The trick is being able to send lots of bullets down range and learning as you go. This is where the Mosin is such a blessing! Most of the ammo I shoot is mil surp but I do buy some brass loads and save every empty case. BTW, the Wolf Gold 54R load is a pretty good shooter. It brings the rifle much closer to it's true ability and can be had for 12-15 bucks a box if you do some looking.

As with most of you who roll your own, when it comes to metric rifles I tend bo buy more than I roll as it is so cheap allready. Even todays higher priced mi surp 8mm rounds are cheap enough I have not began my one loading. Then again, I only have one Mauser.
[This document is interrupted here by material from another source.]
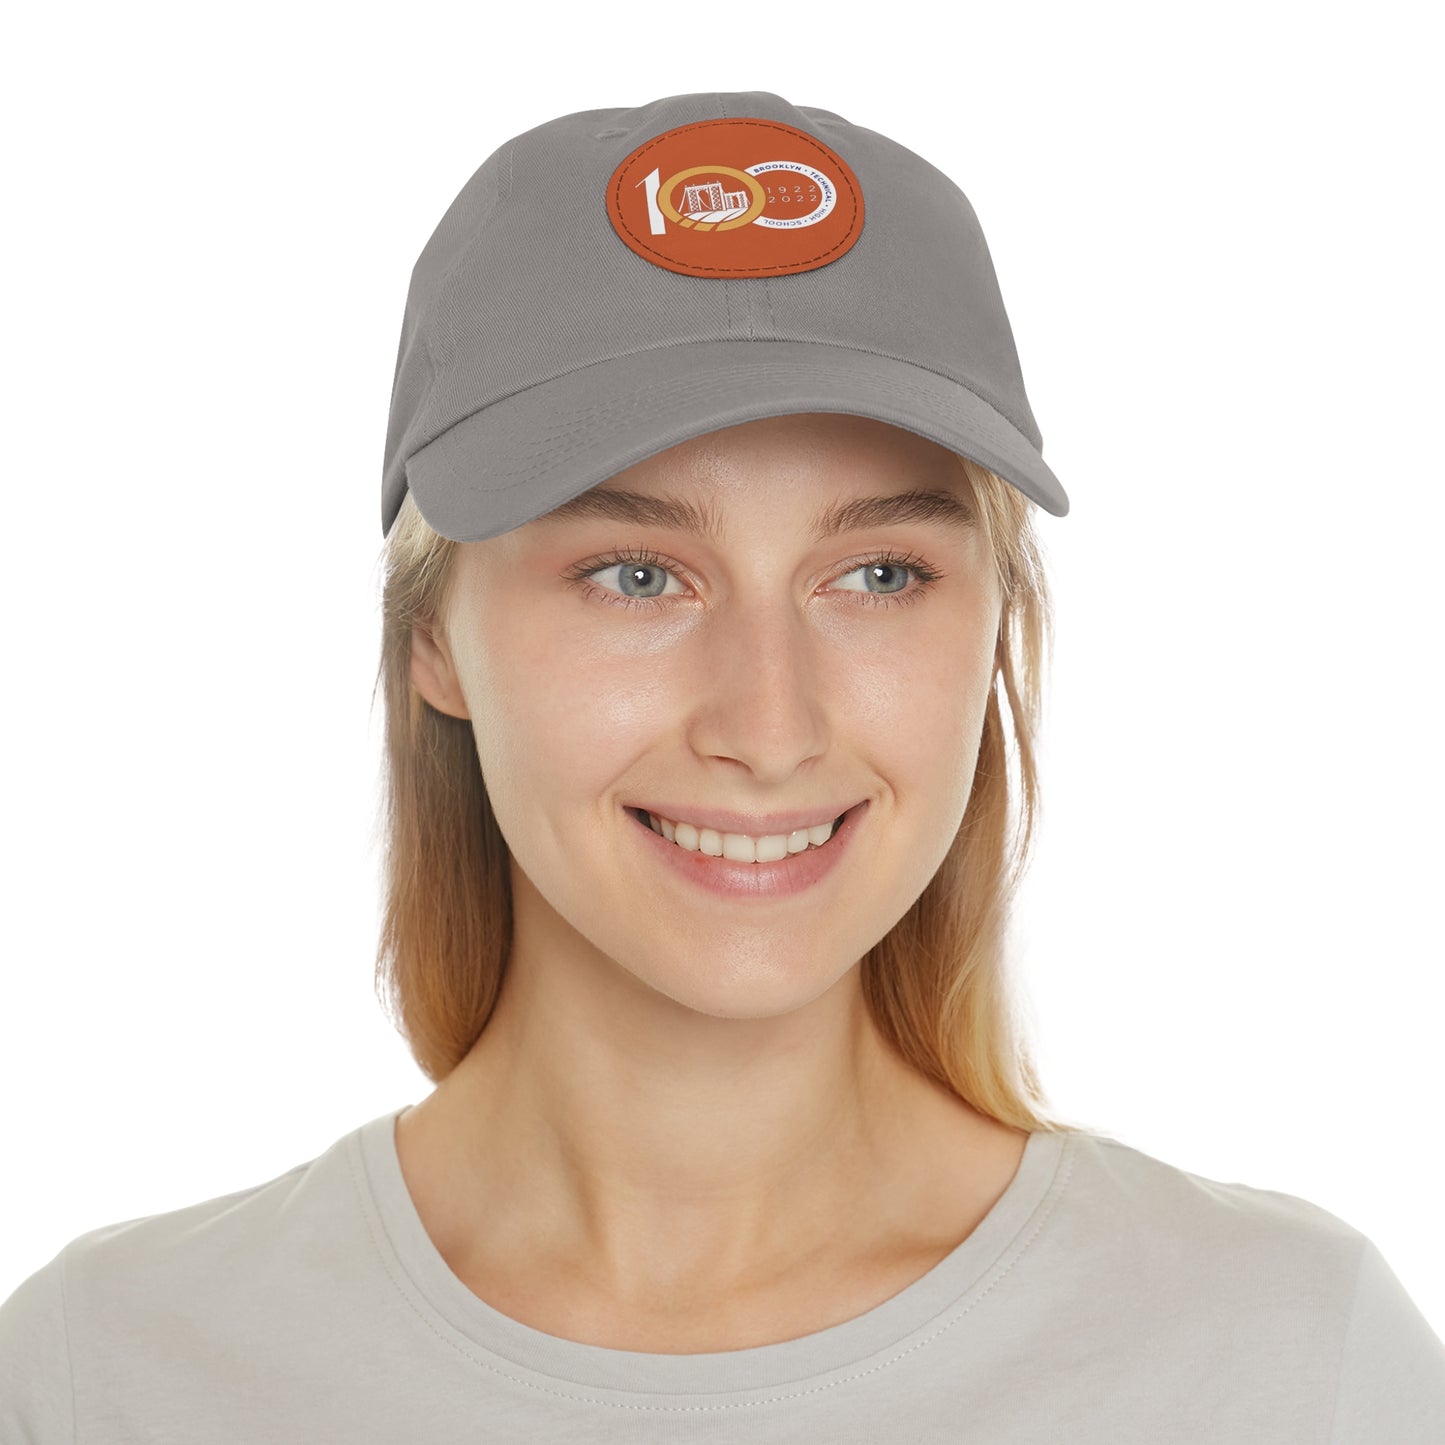 Centennial - Hat With Circular Leather Patch

On the scout scope. I'm a huge Jeff Cooper fan and have long thought the M38 would make a great scout project.

FWIW, cheaper than dirt and several other outlets have stripper clips for the Mosin.


----------



## Ed Norman (Jun 8, 2002)

zant said:


> Just put scout mount on and it works great......If you only have steel cases for your Mosin and want good ammo-just pull bullet/powder-lube well-pour in good powder-seat sp bullet and you have great hunting ammo....I found a bunch of norma and lapua cases at a yard sale and have at least 5 reloads on them.


I'm not sure what you have to lube? You aren't resizing, are you?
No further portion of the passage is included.